Saturday, April 5, 2008

Benefits of Humor

Laughter itself provides relief from uncomfortable emotions and creates biological changes in our body by letting off chemicals that fight disease. There is a natural increase in the number and activity of natural killer cells that attack viral infected cells and some types of cancer and tumor cells. No joke!

"The simple truth is that happy people generally don't get sick."
Bernie Siegel, MD

Stress hormones that constrict blood vessels and suppress immunity decrease when exposed to humor. Therefore . . . laughter strengthens the immune system! Belly laughing even cleans your lungs and reduces your blood pressure!

A sense of humor allows us to perceive and appreciate the incongruities of life and provides us with joy and delight, great positive emotions.

"A merry heart does good like a medicine,
but a broken spirit dries the bones." Proverbs 17:22

Friday, April 4, 2008

The MHC

Shame on me. I have been a psych nurse for many years but I had never been to a mental health center before this week. I will be taking a group of nursing students to the one here for three more weeks, and it will be a learning experience not only for them but for me as well. I had no idea of all the services they provide and the good staff there. Working in a certain field predisposes us to networking within that area, and I ran into several people I have known in the past including one respected nurse whom I had not seen in twenty years.

When a hospitalized patient is discharged, follow up is needed.

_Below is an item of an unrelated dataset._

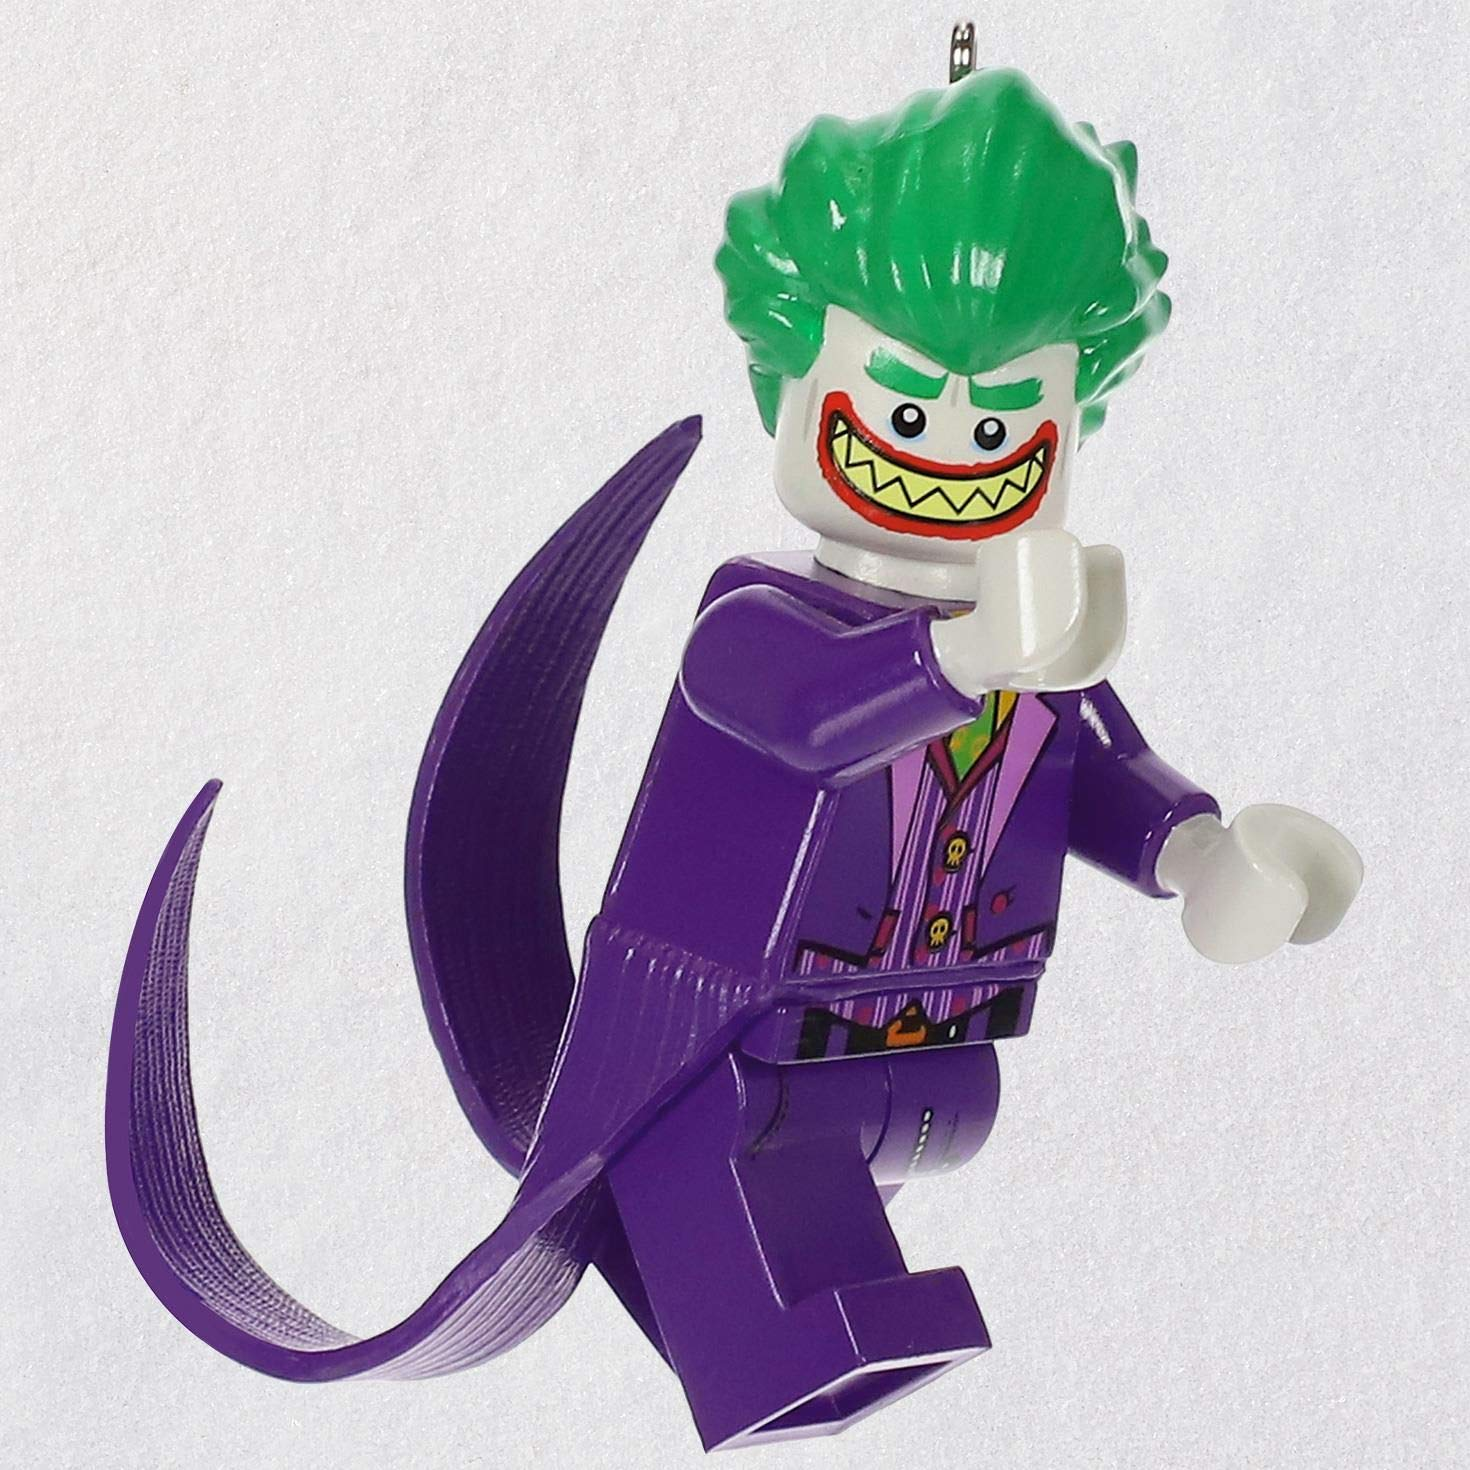 Hallmark The Lego Batman Movie The Joker Ornament Movies & TV,Superheroes,Hobbies & Interests,Toys & Gaming
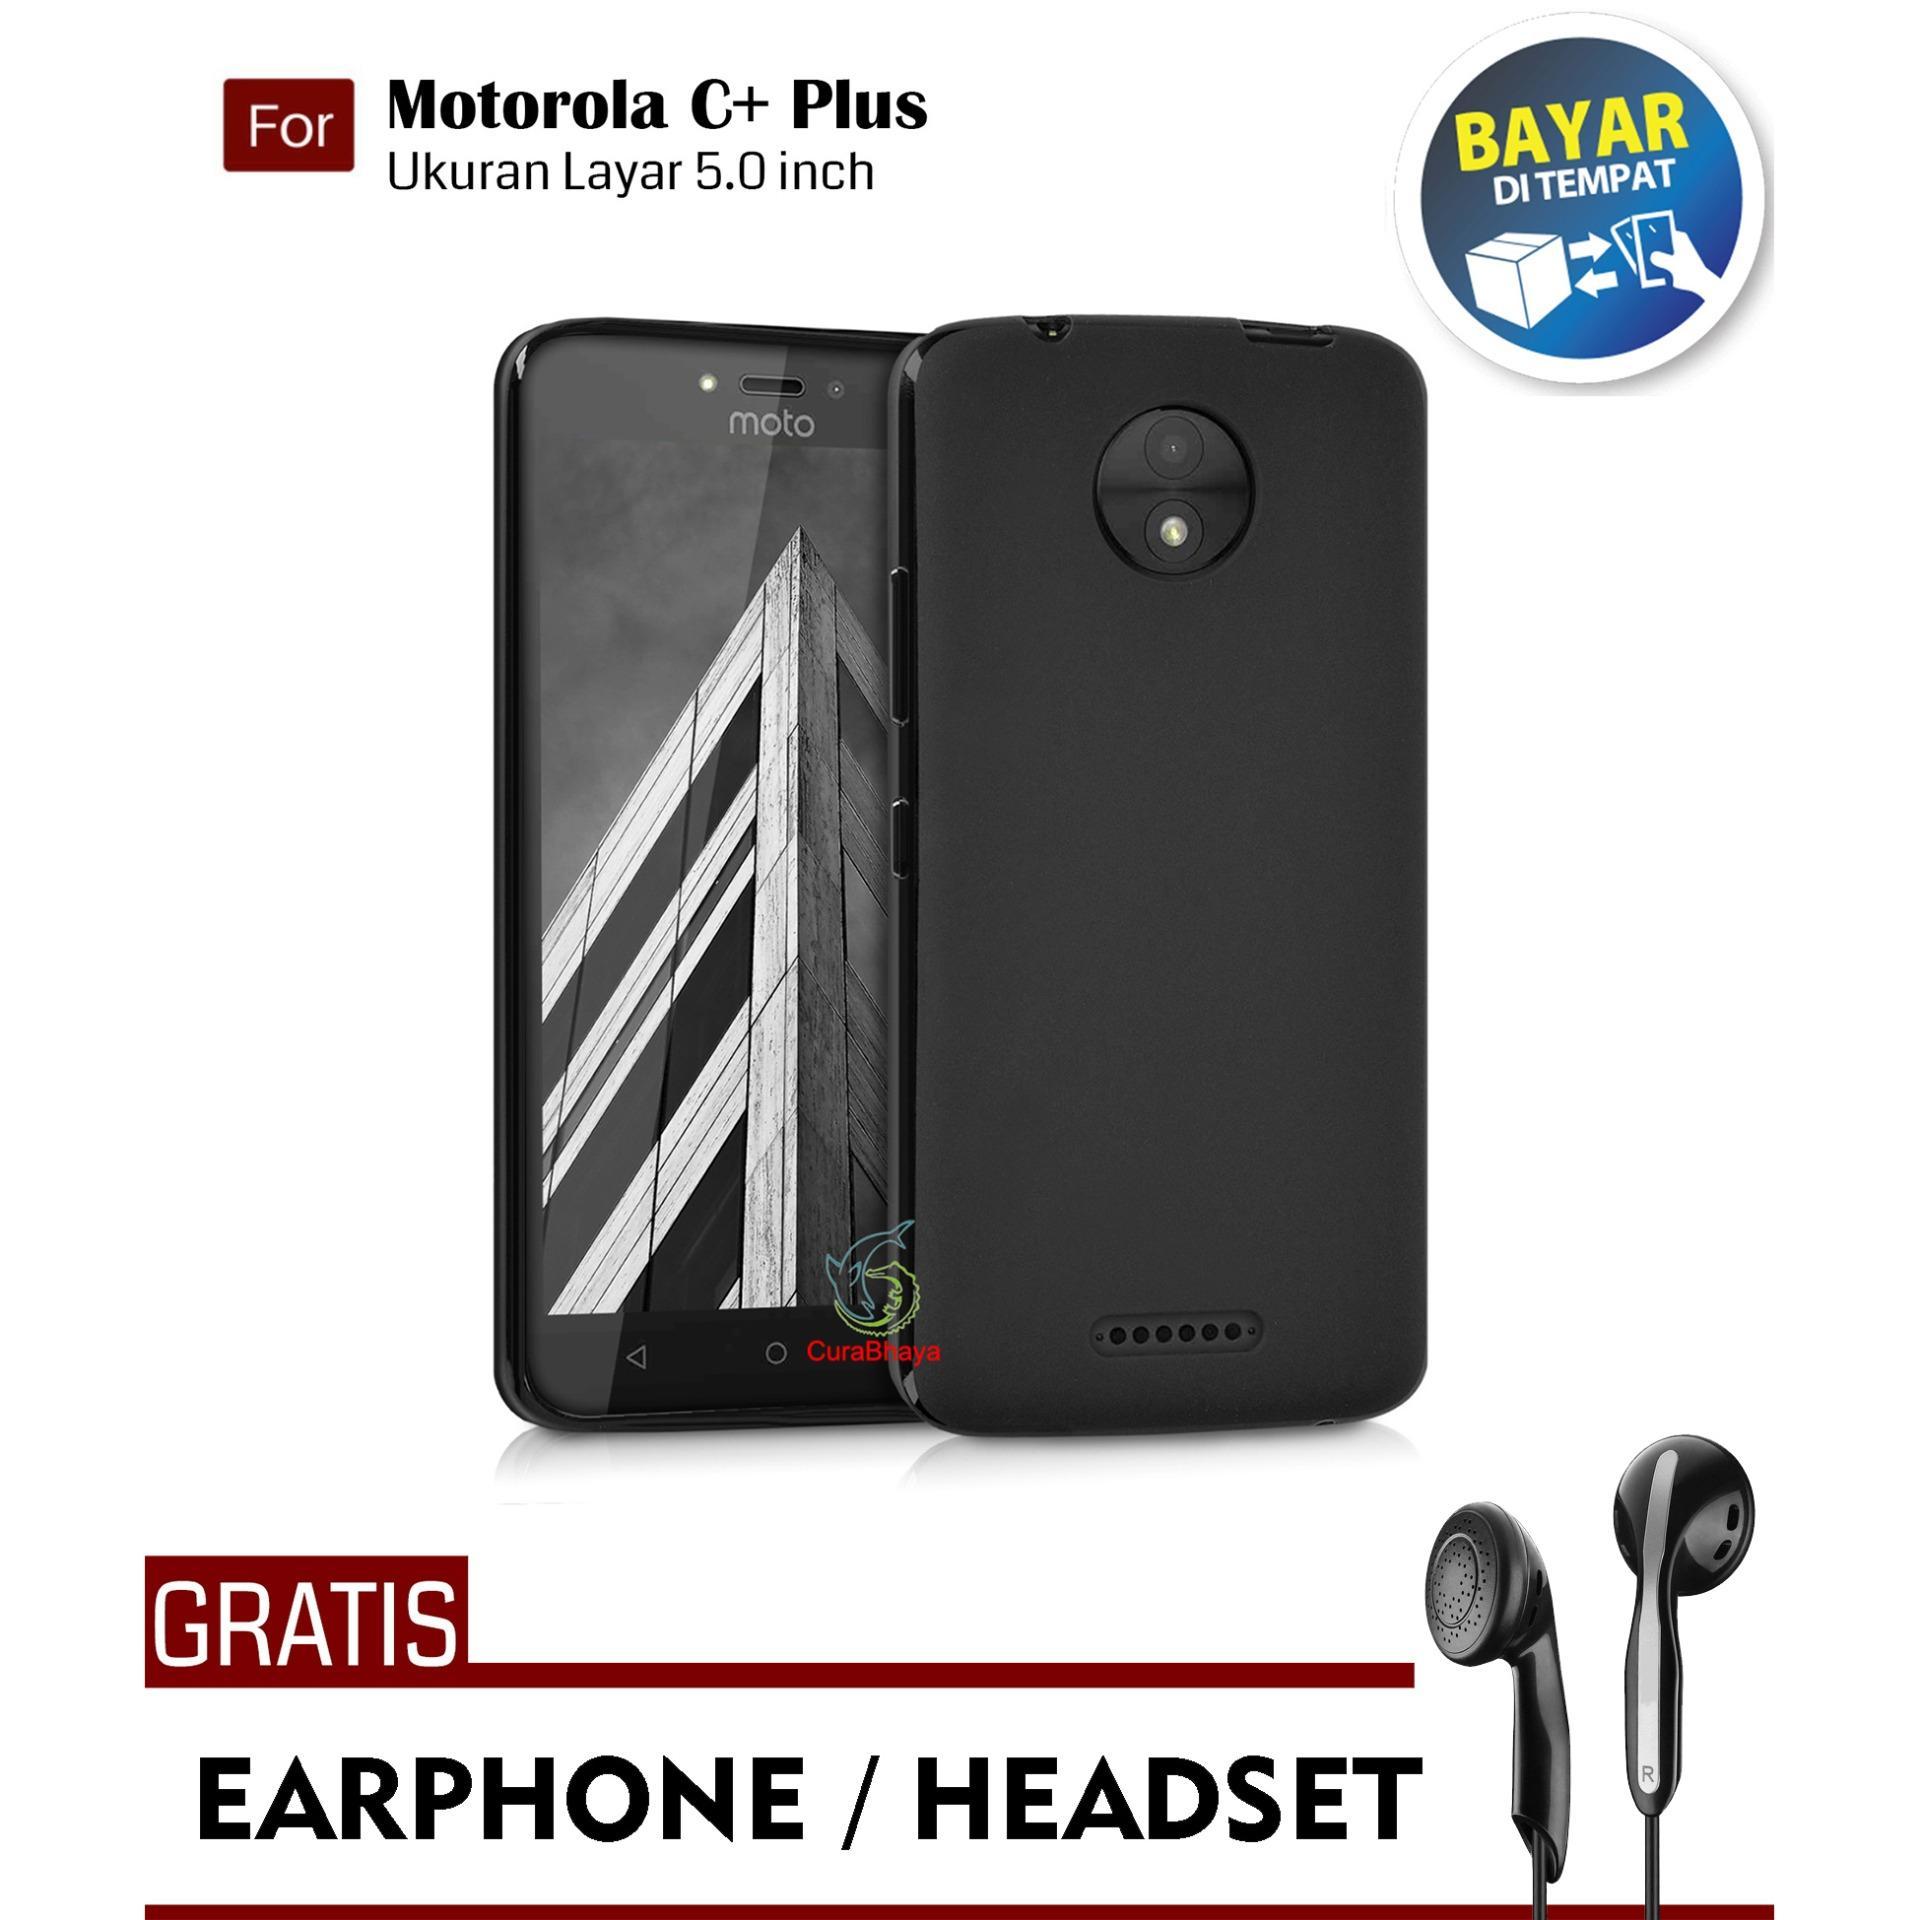 Midnight Motorola Moto C+ Plus | Slim Case Black Matte Softcase Premium Baby Skin + Gratis

Some psych patients have follow up with a private psychiatrist but many go to a mental health center. Conversely MHC patients come to the hospital when they are in crisis for one reason or another. I have heard patients grouse about the Mental Health Center complaining it does no good or that they can't see the doctor, but I realize these are the patients who are not agreeable or able to do their part in treatment or who want to call all the shots regarding their care. The services are there for the willing and sometimes for the unwilling. Staff will see to it that many chronic patients get their meds.

The area we went to was for people who have a chronic mental illness, mostly schizophrenia, and who are disabled because of it. The MHC provides transportation to and from, groups, support, a warm place, and lunch. Other services - and I know only a few at this time - are for teenagers with drug or emotional problems, a telephone service for people who call in and need to talk or get information, medication assistance and management, and childcare education for young single mothers. The MHC was much better and had more to offer than I had imagined.

Thursday, April 3, 2008

At The Pump Today




The Greenville-Spartanburg area always has the best gas prices, but we probably won't be seeing it for under $3 much longer.

Wednesday, April 2, 2008

Beauty Secret

Women's magazines often have articles with famous women divulging their beauty secrets or their favorite beauty products. Here is one of mine, St. Ives Collagen Elastin moisturizer. I almost went into a panic last year when I couldn't find on any shelf anywhere the familiar peachy colored jar filled with the creamy white stuff that I had smeared on my face day and night for twenty years. When I looked it up on line I found that it had been repackaged. Now it looks like this but was still hard to locate this week. We women do not need to go to the nice department stores for a better moisturizer. And it is really cheap. Sometimes I wonder if it has ingredients that I do not want seeping through to my insides like a topical medicine, but I can't care because I am too smitten with it.